2. Log-Structured Streamers (e.g., Apache Kafka, Pulsar)
Uses a "Dumb Broker, Smart Consumer" design. The broker acts as an append-only log of events written to disk. The broker does not track consumer state or delete messages upon consumption. Instead, messages remain in the partition until a retention policy expires (e.g., 7 days).
- Offsets: Consumers track their own progress using a pointer called an offset. Multiple consumers can read the same partition at different speeds or replay the entire log by resetting their offset.
- Mechanism: Pull-based delivery. Consumers pull batches of messages from the broker.
- Pros: Massive throughput (millions of writes/sec), event replayability, horizontal scaling via partitioning.
- Cons: No complex routing; consumers must handle their own concurrency and message filtering.
3. Distributed Delivery Guarantees
In distributed systems, network packets can fail, leading to different delivery guarantee options:
- At-Most-Once: Messages are sent with fire-and-forget. If the network drops or the consumer crashes before committing to the database, the message is lost.
- Mechanism: Consumer acknowledges the message immediately upon receipt, before processing it.
- At-Least-Once (Default): Messages are guaranteed to be delivered, but duplicates may occur.
- Mechanism: Consumer only acknowledges the message after successfully committing the processed data to the database. If the consumer crashes mid-process, the broker redelivers the message.
- Exactly-Once: The message is processed exactly once, with zero duplicates and zero loss.
- Mechanism: Requires transactional coordination between the message broker and database, or designing Idempotent Consumers.
4. Designing Idempotent Consumers
Since achieving "Exactly-Once" over the network is physically impossible, system designers build for At-Least-Once and ensure that processing the same message multiple times has no side effects.
Using Idempotency Keys
Producers attach a unique idempotency_key (e.g., a UUID) to every message.
interface MessagePayload {
idempotencyKey: string; // UUID
userId: string;
amount: number;
}
async function processPayment(message: MessagePayload) {
// 1. Check if the key already exists in a fast distributed cache (Redis)
const alreadyProcessed = await redis.set(
`processed_payment:${message.idempotencyKey}`,
"success",
"EX", 86400, // Expire after 24 hours
"NX" // Only write if key does NOT exist
);
if (!alreadyProcessed) {
console.log("Duplicate message detected. Skipping processing.");
return; // Skip duplicate message
}
// 2. Perform the critical action (e.g., charge credit card)

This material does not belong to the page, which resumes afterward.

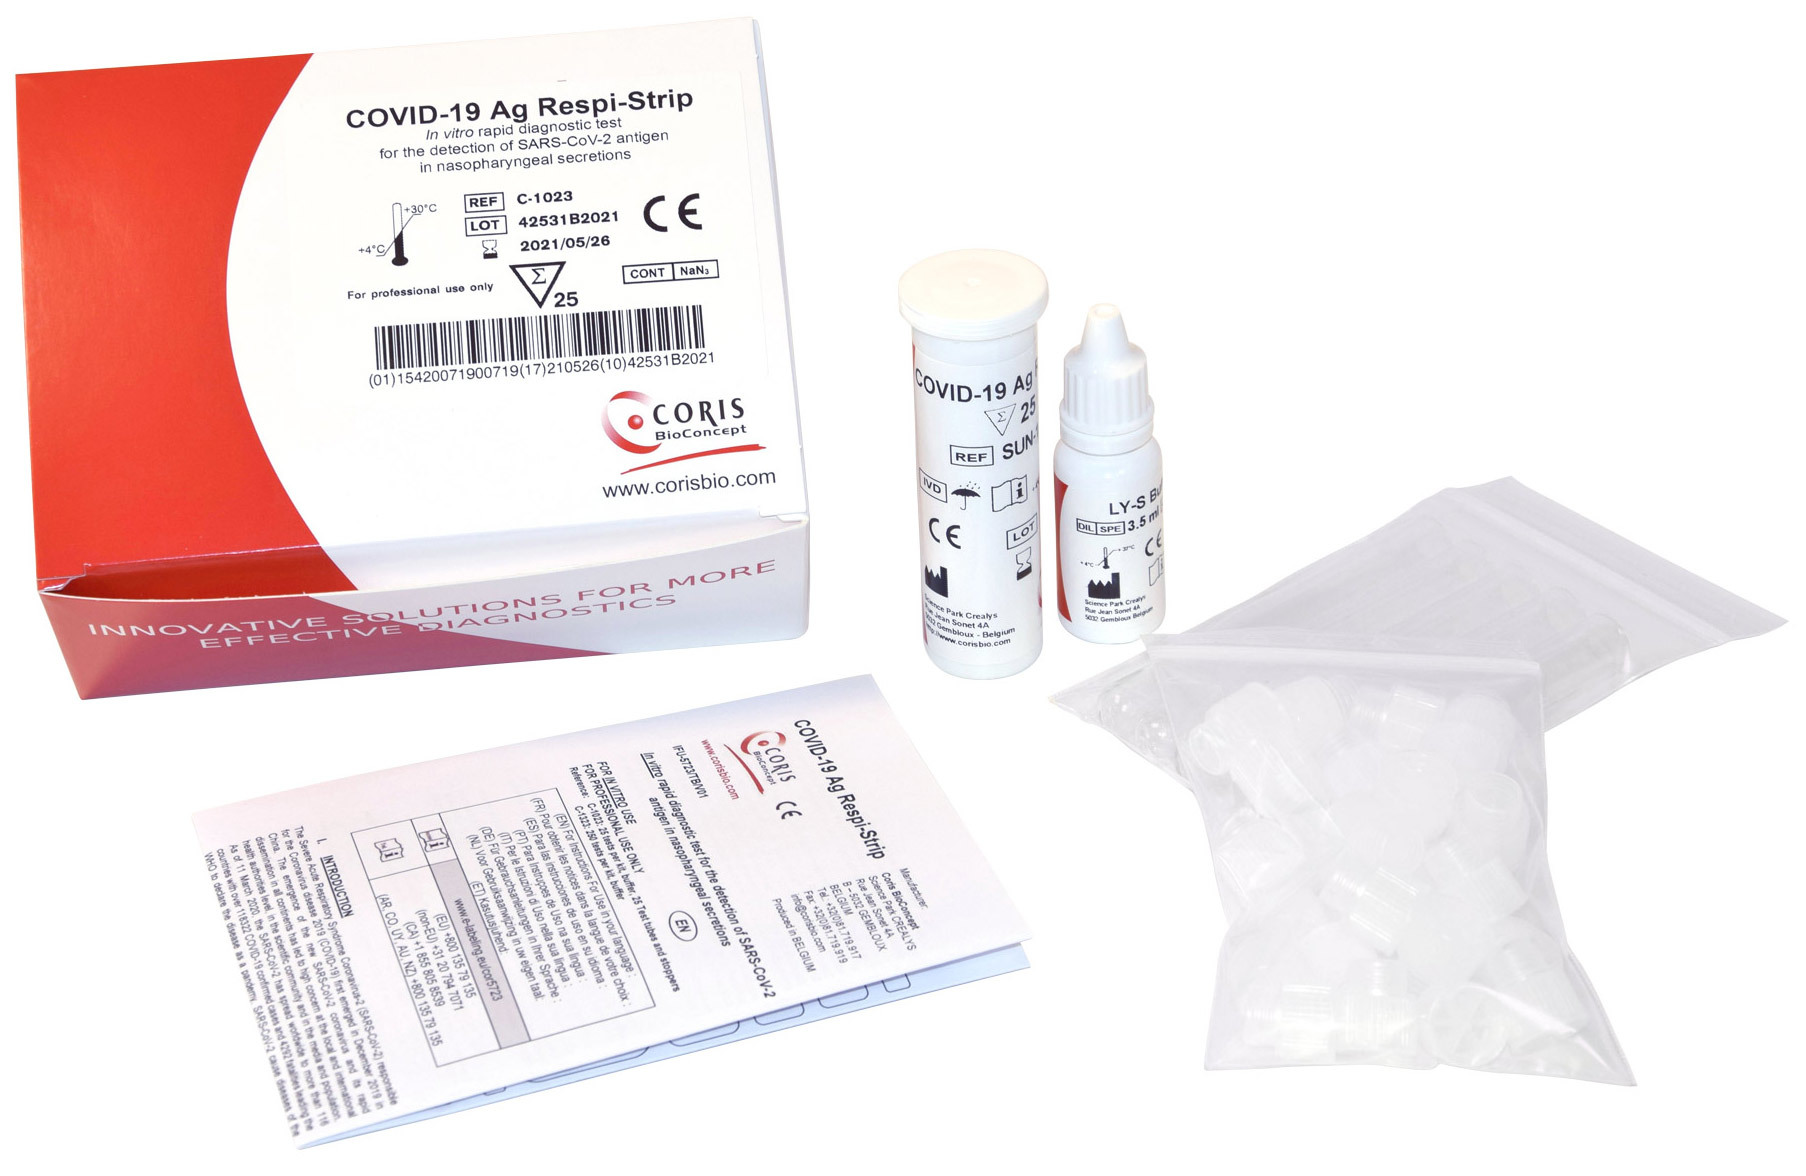 Covid 19 23 19. Набор реагентов для выявления антигена SARS-cov-2 (25 шт.). Экспресс-тест на Covid-19 antigen Rapid Test Kit. Набор реагентов ковид 19 антиген Рапид. Набор для экспресс-теста на антиген SARS-cov-2 antigen Rapid Test Kit (ПЦР).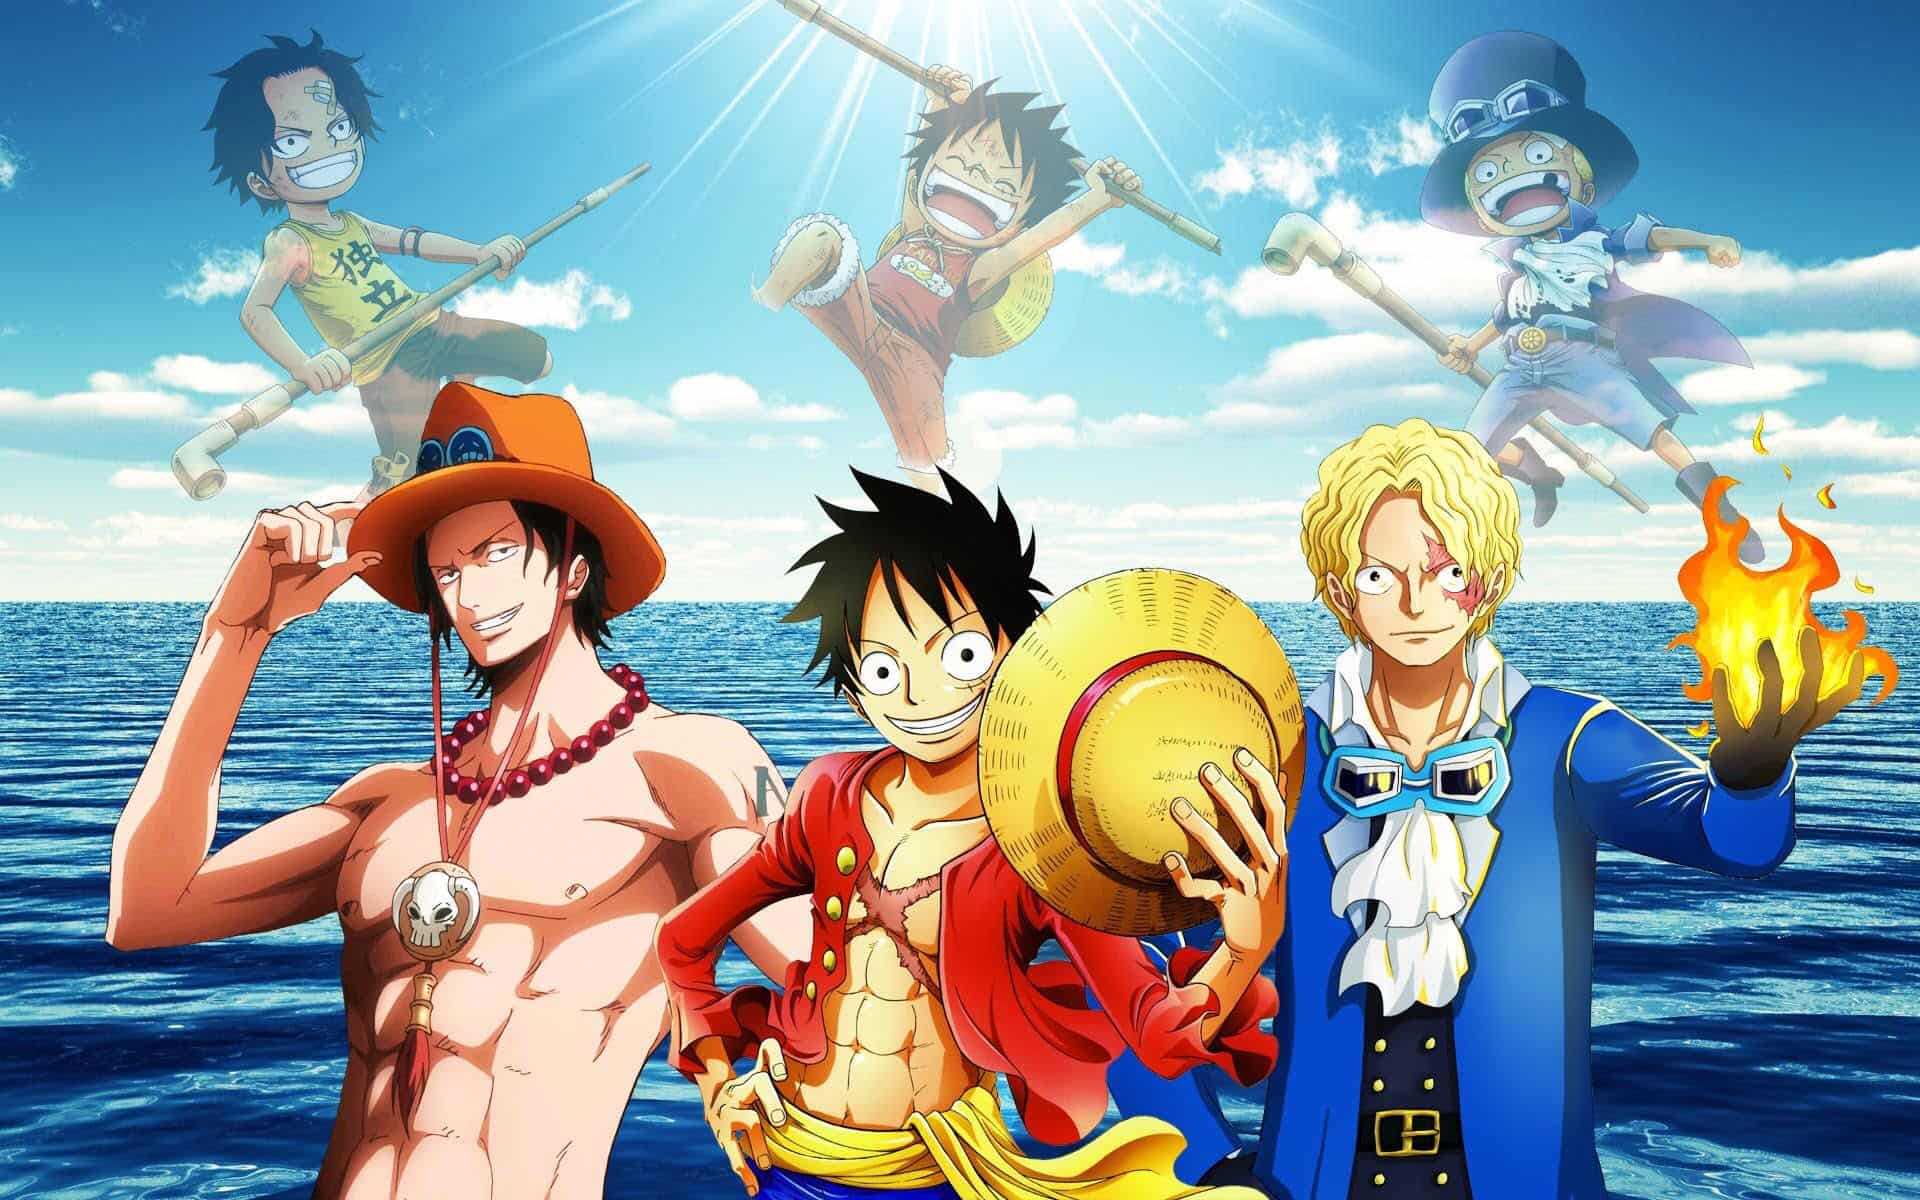 Super schönes One Piece Bild

await db.transactions.create({
idempotencyKey: message.idempotencyKey,
userId: message.userId,
amount: message.amount
});
}5. Handling Failures: Dead Letter Queues (DLQ)
When a consumer encounters a malformed or unprocessable message (e.g., parsing error), retrying indefinitely will block the queue. We handle this using a Dead Letter Queue (DLQ).
- Retry with Exponential Backoff: If a transient database timeout occurs, return the message to the queue and retry, increasing the wait time with each attempt.
- Move to DLQ: If a message fails after a set number of retries (e.g., 3), the consumer sends it to the DLQ and acknowledges it on the main queue. This unblocks the queue, allowing other messages to proceed.
- Manual Inspection: Engineers monitor the DLQ, fix the root cause (e.g., updating database schemas or fixing software bugs), and replay the DLQ messages.